At a special session on May 29 with Secretary of War Stimson, according to a recently declassified document, General Marshall pushed for gas “to cope with the … last ditch defense tactics of the suicidal Japanese.” Appalled by American casualties in the battles on the outlying islands, Marshall argued the case for gas warfare: “It did not need to be our newest and most potent—just drench them and sicken them so that the fight would be taken out of them—saturate an area, possibly with mustard. …”
He admitted that public opinion might be a problem but concluded that it could be dealt with. After all, he argued, gas was “no less inhumane than phosphorus and flame throwers and need not be used against dense populations or civilians—merely against these last pockets of resistance which had to be wiped out but had no other military significance.”
Had the Pacific war dragged on, Truman might have been pressed to use gas against the Japanese.
The issue did not dominate this May 29 meeting, however, for Stimson and Marshall were primarily concerned with the use of the atomic bomb. Marshall, while willing to violate the moral code against gas warfare, was reluctant to use the bomb against civilians.
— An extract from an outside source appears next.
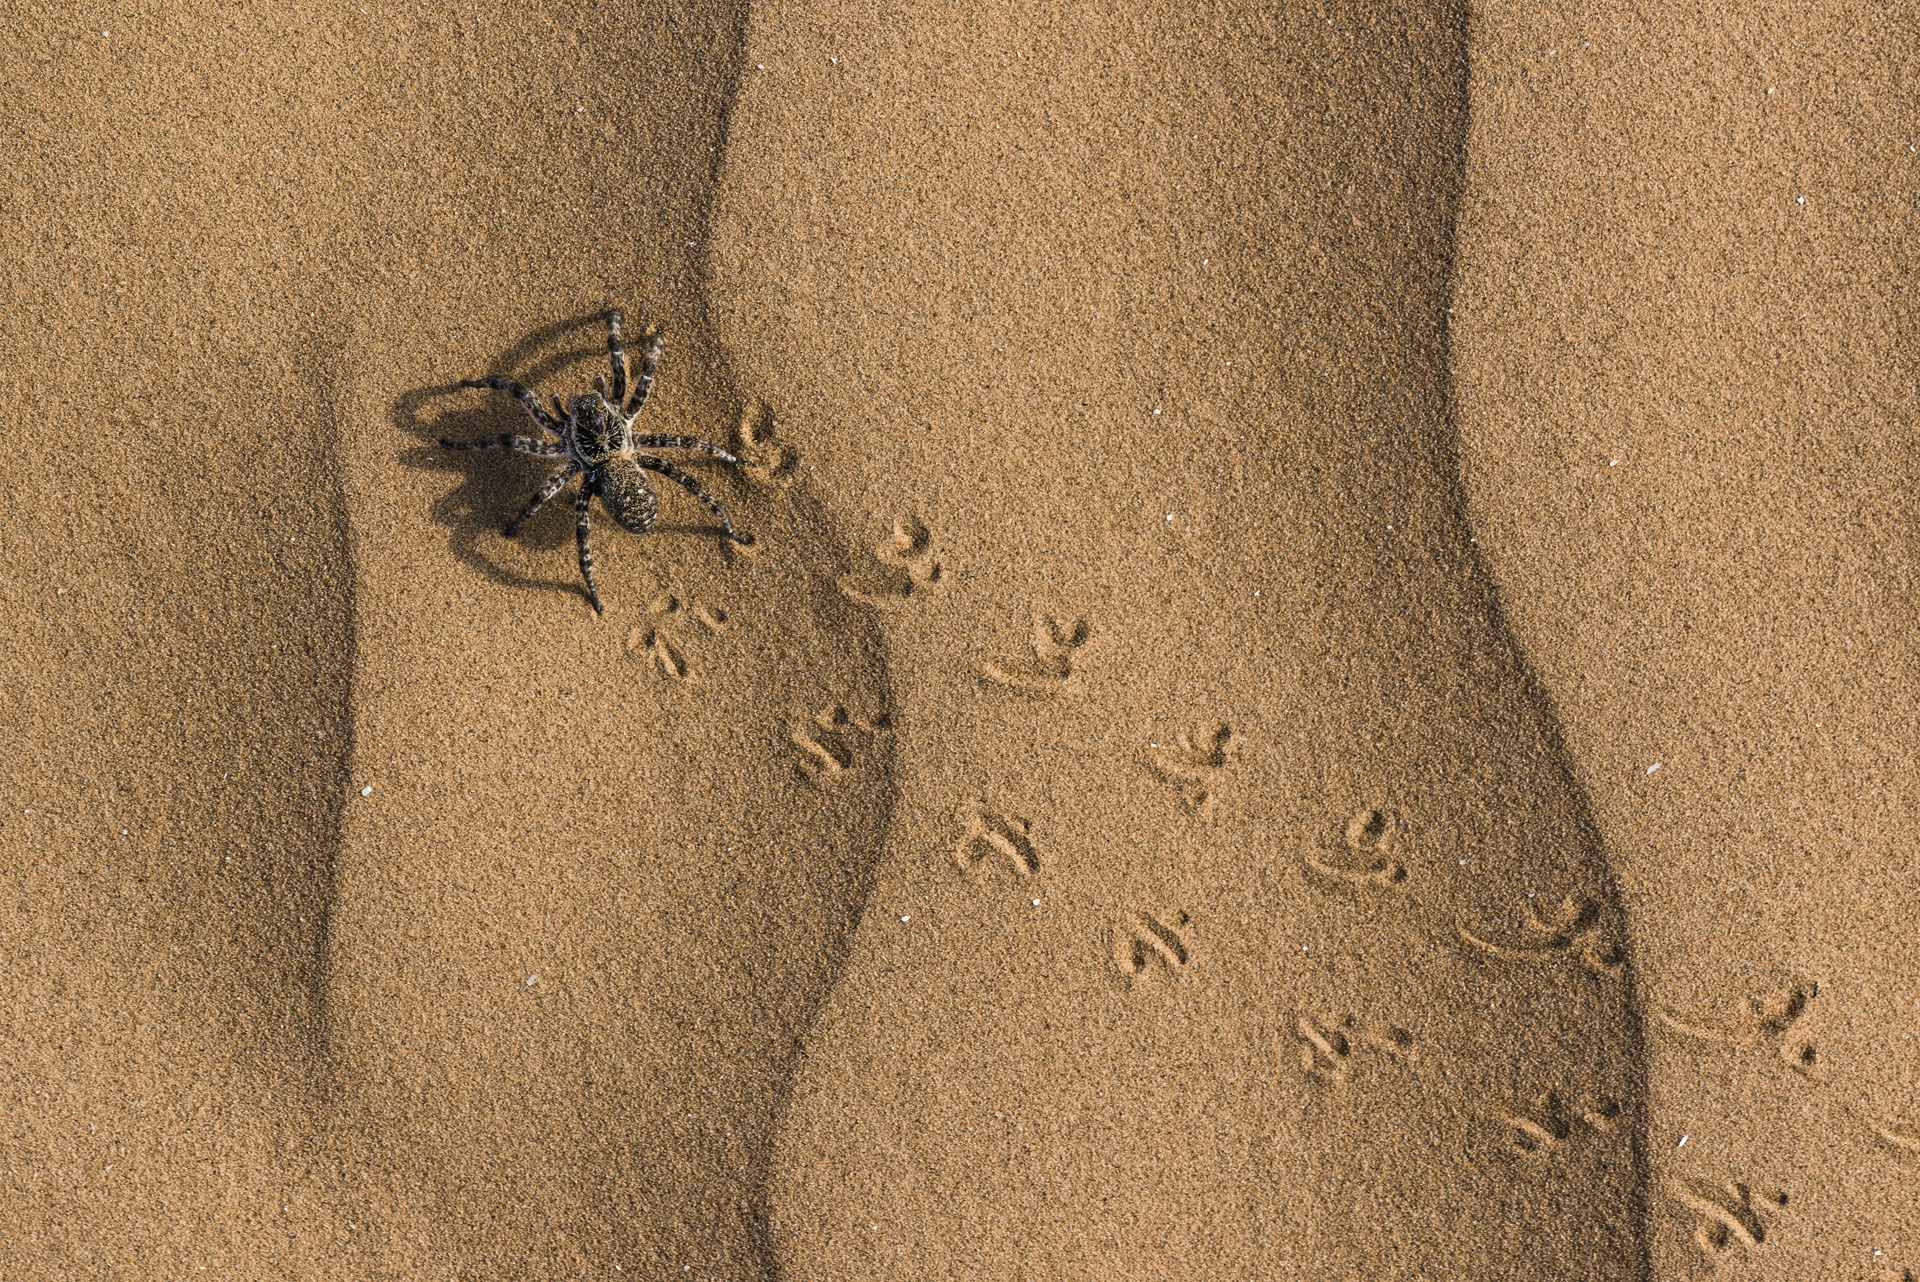 Arachnid Sand 1920x1282

He recommended that it “might first be used against straight military objectives such as a large naval installation and then if no complete result was derived from the effect of that… we ought to designate a number of large manufacturing areas from which the people would be warned to leave—telling the Japanese that we intended to destroy such centers.”
Just two days later, however, the Interim Committee, a high-level advisory group on the A-bomb, “agreed that the most desirable target would be a vital war plant employing a large number of workers and closely surrounded by workers’ houses.” This would be, in effect, terror bombing—with mass deaths designed to frighten the living into surrendering before they suffered a similar fate.